Public account: Youerhuts author: Peter editor: Peter

My name is Peter, and I’m here to illustrate two important functions in Pandas: stack and unstack.

Stack and unstack are two ways to rearrange the shafts of pandas, and they are mutually inverse:

  • Stack: rotates data columns into row index
  • Unstack: Rotates the data row index into columns
  • Both default to the innermost layer

Pandas serialized articles

This is the 16th article to be updated by Pandas.

Here are some detailed examples of how to use both

stack

The main function of the stack function is to turn the original column into the innermost row index, after the transformation is multi-level index.

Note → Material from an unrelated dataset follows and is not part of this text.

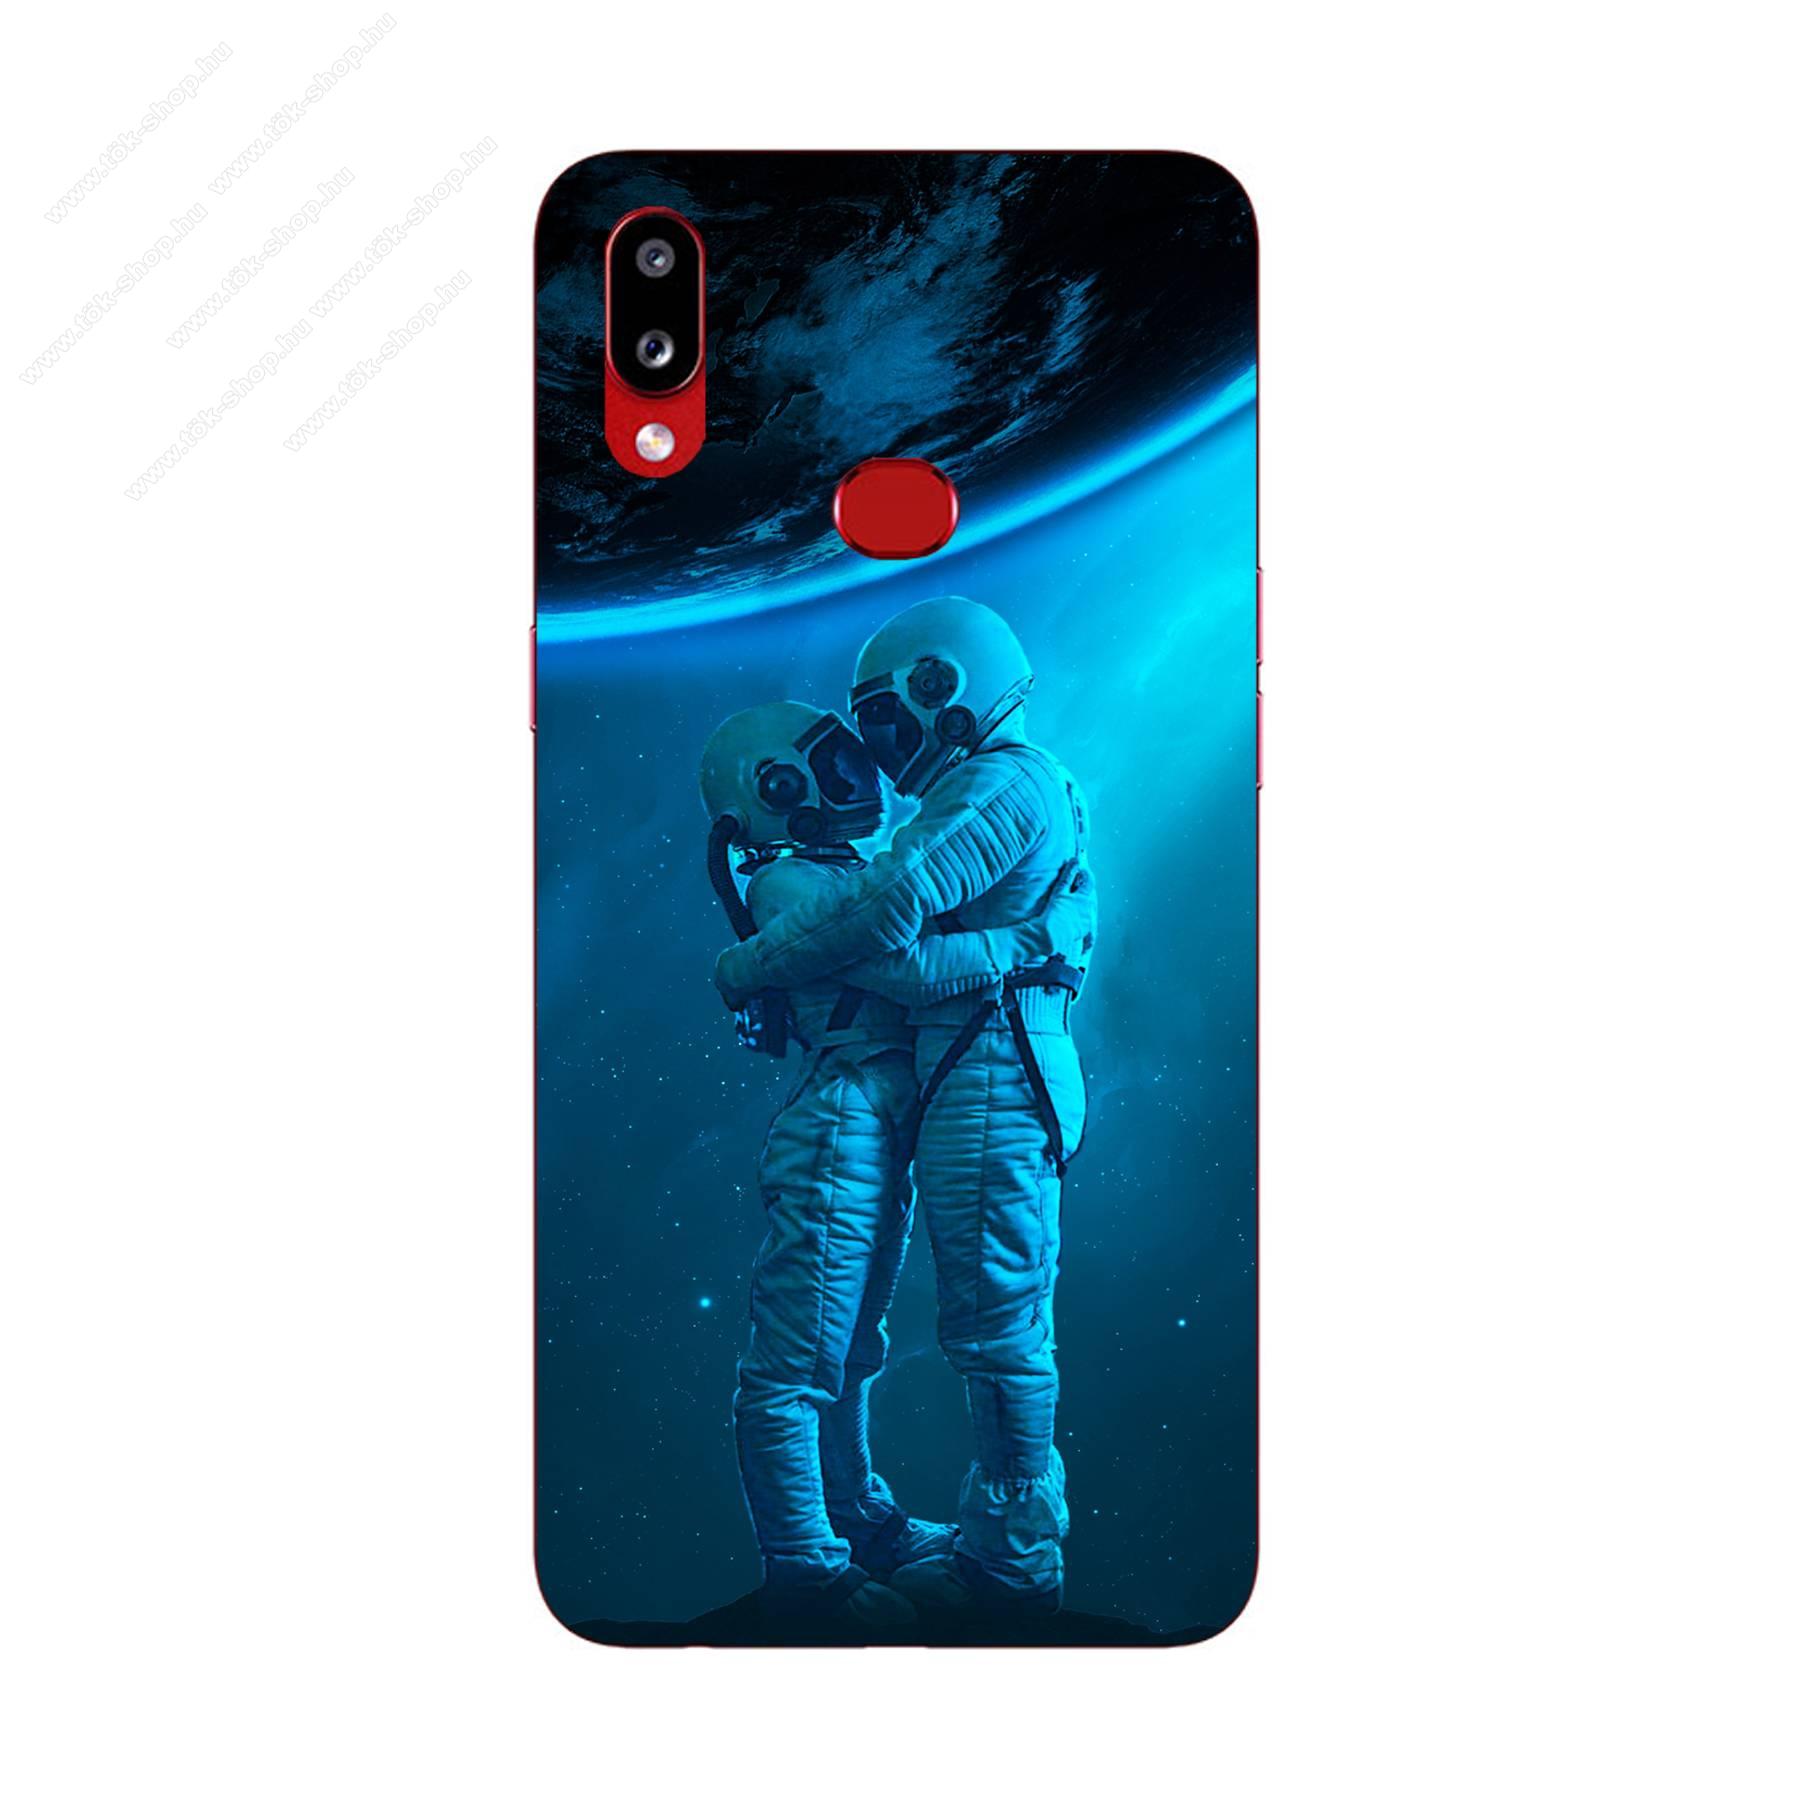 E-pic szilikon védő tok / hátlap - Szerelmes űrhajós pár mintás - SAMSUNG Galaxy A10s (SM-A107F)
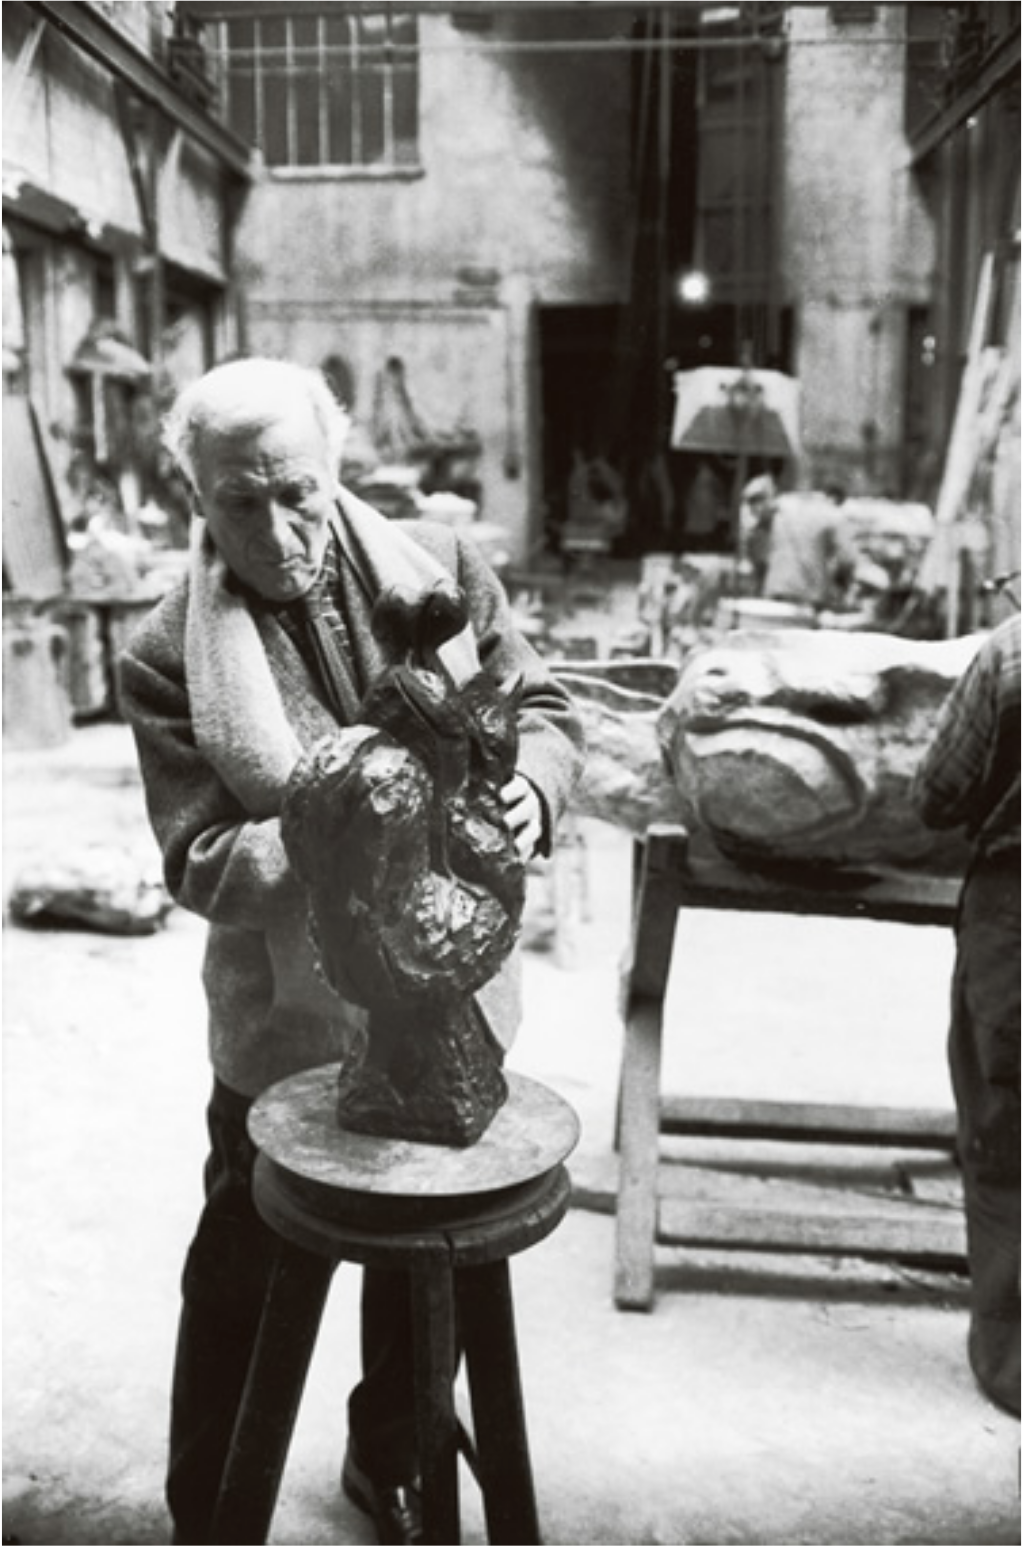 珍しい立体作品を楽しめる「シャガール展  三次元の世界」名古屋市美術館で開催中 - dfb100db50af6da487b91af5f6866ebd

Official text:

Stack the prescribed level(s) from columns to index.

Use method:

pd.stack(level=-1, dropna=True)
Copy the code
  • Level means that the transformation is the innermost level
  • Dropna represents the processing of missing values

This is illustrated by a diagram on the website: the column property AB becomes the row index AB

Stack the single-layer DataFrame

import pandas as pd 
import numpy as np
Copy the code

Take a look at the default:

We find that the index of DF2 has also become a multilevel index:

One more feature: When we stack a single-layer DataFrame, it becomes a Series:

Stack the multilayer DataFrame

First we generate a multilevel column number type

Simulate a multilevel column of attributes:

Look at the analog data DF3 for more information:

type(df3)
pandas.core.frame.DataFrame

df3.index
Index(['Ming'.'little red'], dtype='object')

df3.columns
MultiIndex([('information'.'sex'),
            ('information'.'weight') ",Copy the code

Look at the data after the stack:

The comparison

Compare the original data with the generated new data:

1. Index comparison

2. Column attribute comparison

3. Data type comparison

Parameter level

Level controls the stacking of one or more attributes; You can use numeric indexes or name indexes.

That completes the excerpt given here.